=== ACTIVITY ===
Each line from the one containing "Vector Control and" to the end of the material below is to be restated exactly, with pictures skipped.

--- INFORMATION SHOWN Enclosed Below ---

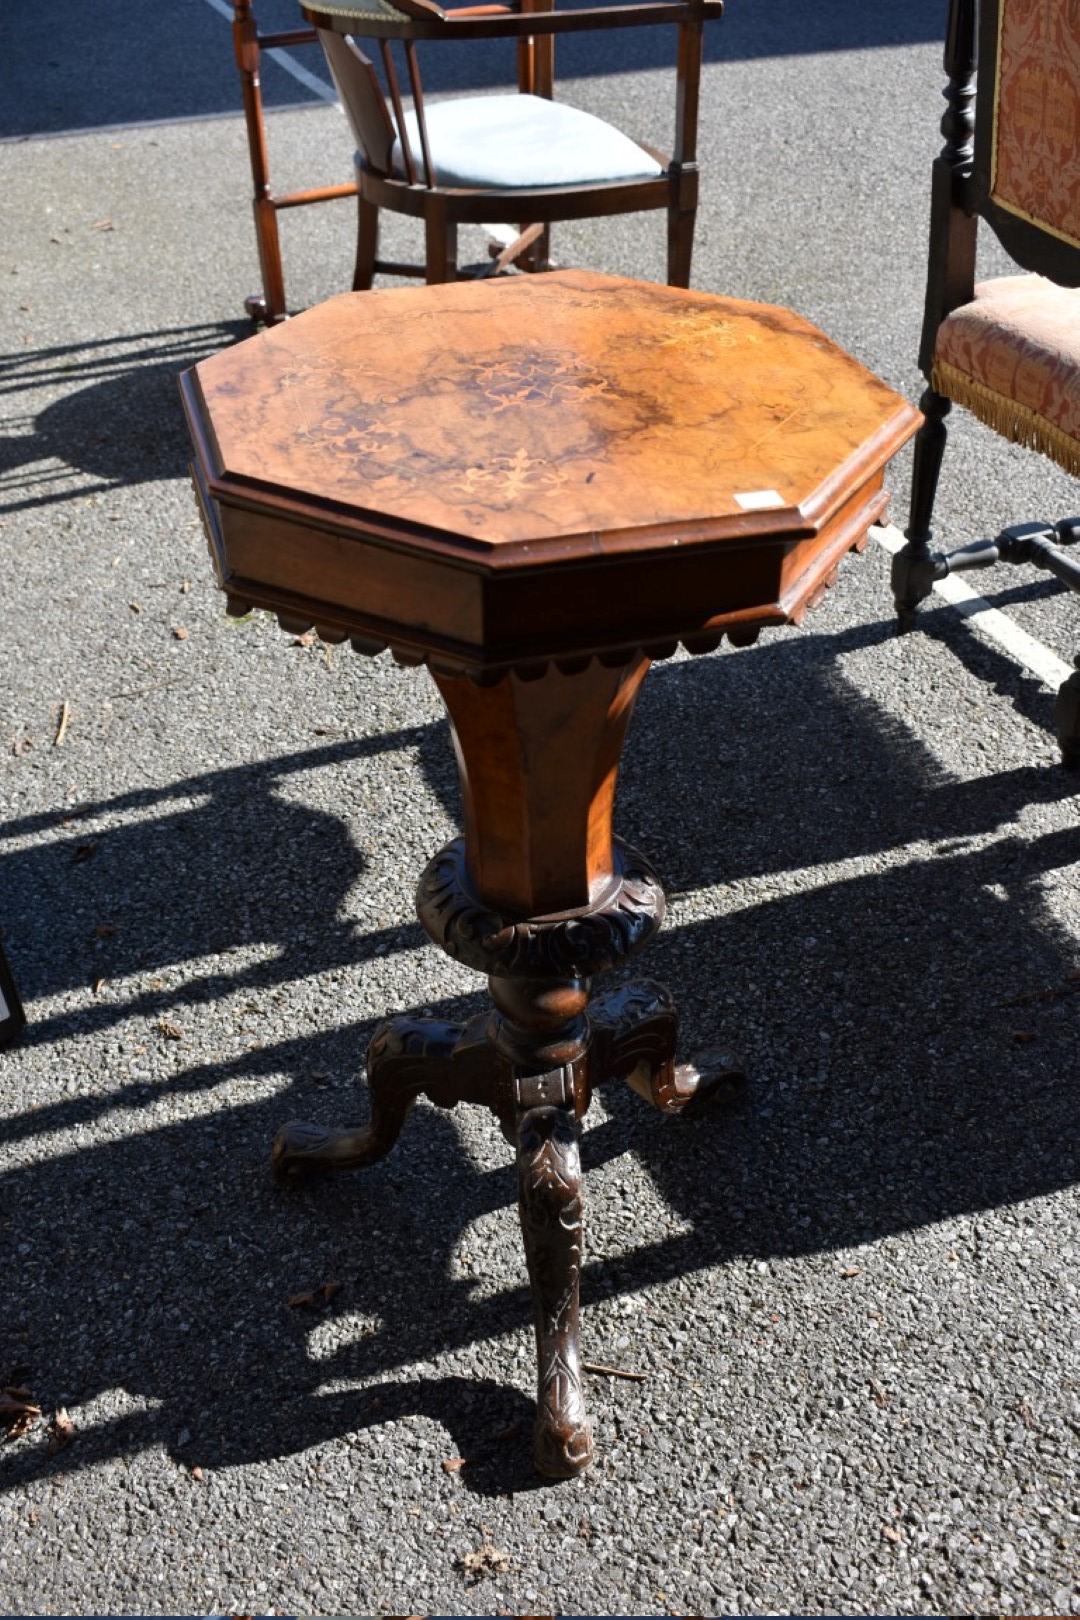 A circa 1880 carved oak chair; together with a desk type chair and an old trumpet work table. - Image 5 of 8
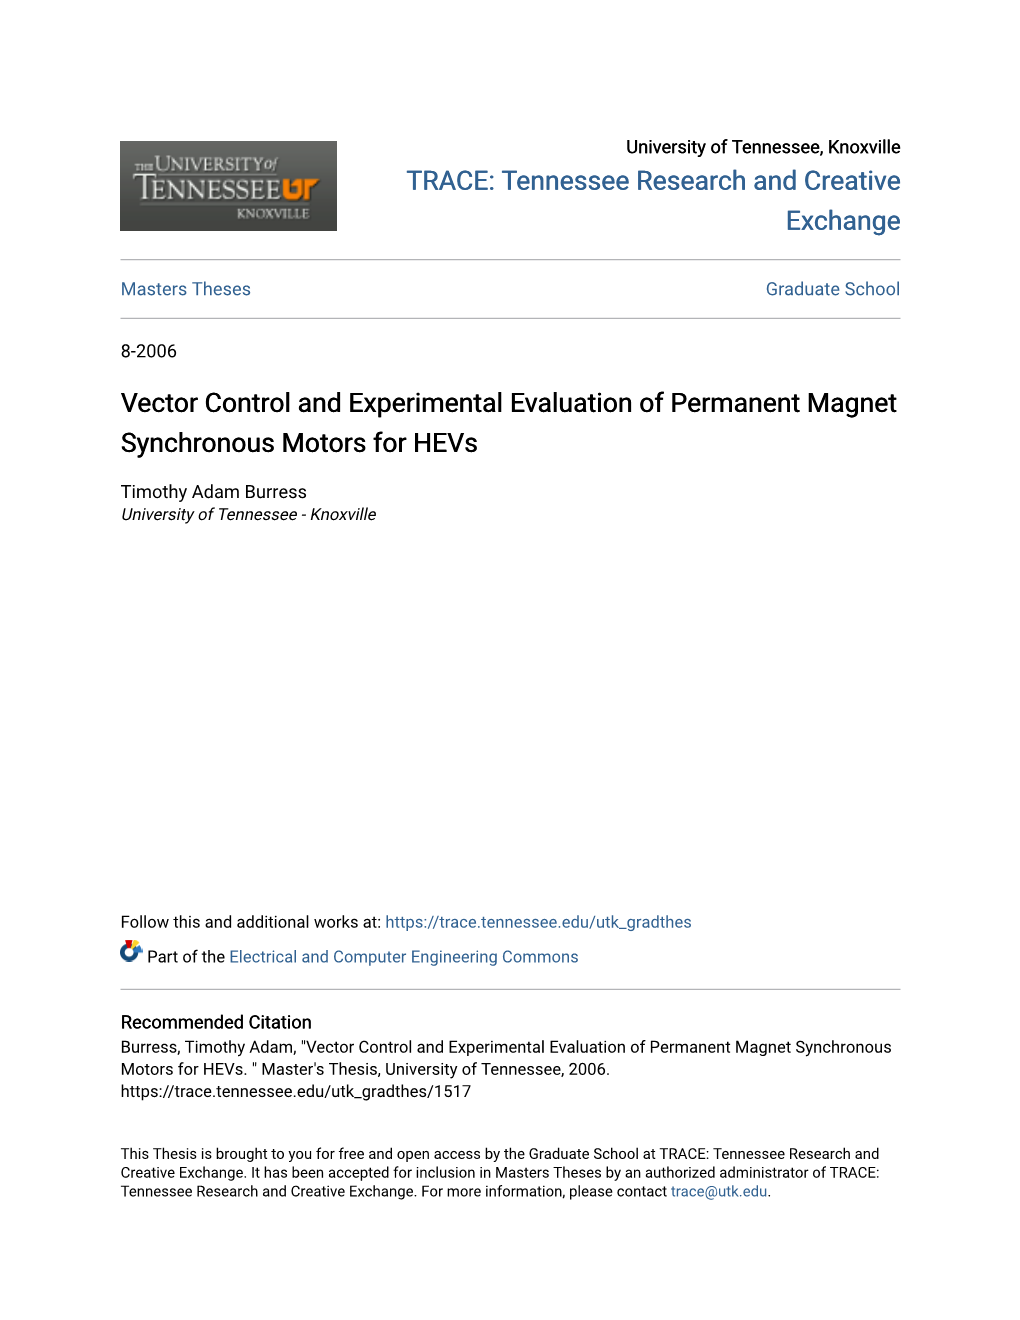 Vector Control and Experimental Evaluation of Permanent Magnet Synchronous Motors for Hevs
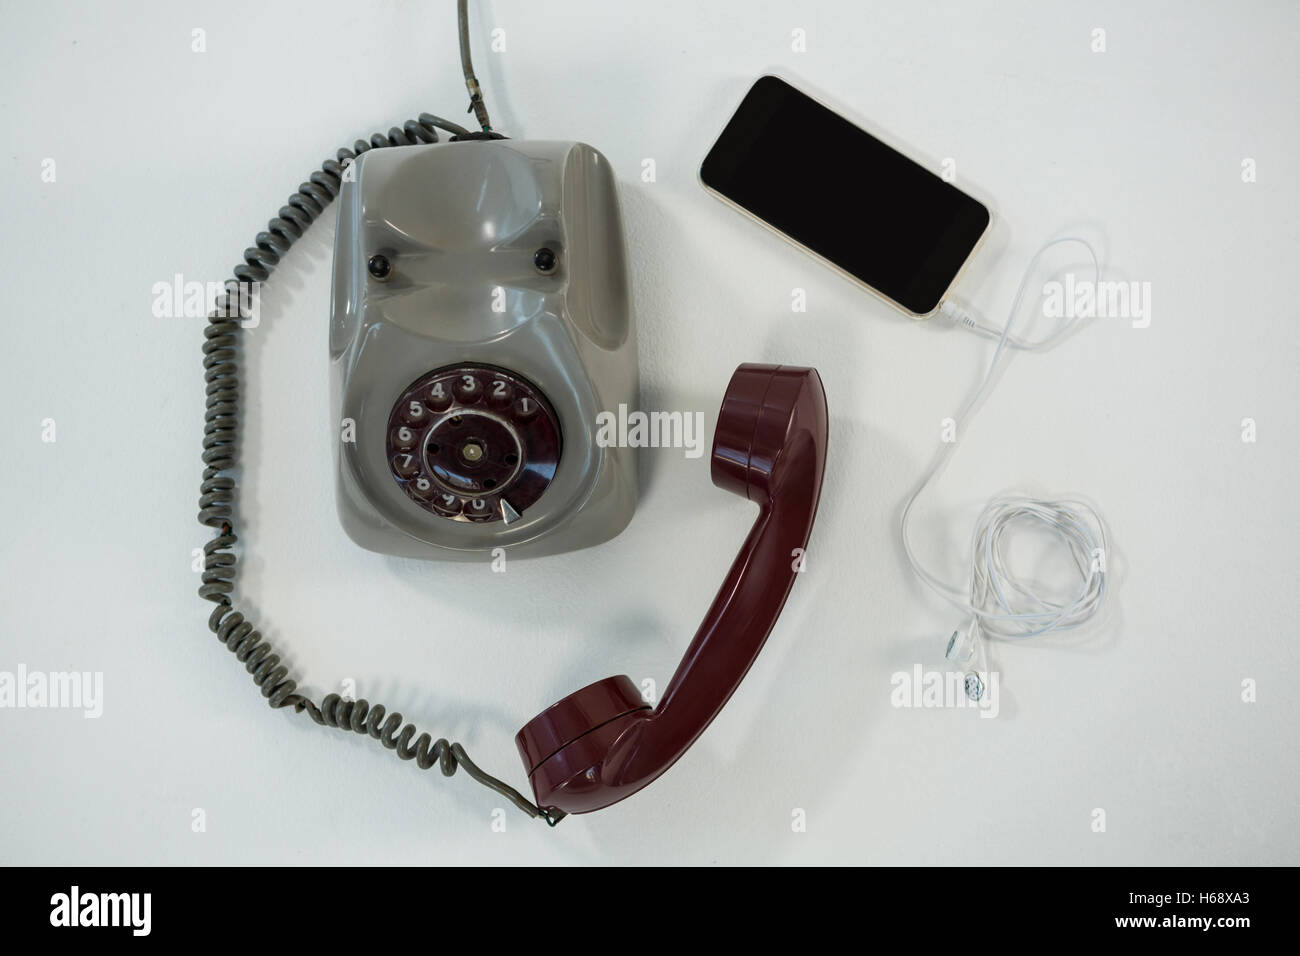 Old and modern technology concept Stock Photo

--- End of Enclosed INFORMATION SHOWN ---

=== FINISHED EXERCISE ===
 Vector Control and Experimental Evaluation of Permanent Magnet Synchronous Motors for Hevs
 Old and modern technology concept Stock Photo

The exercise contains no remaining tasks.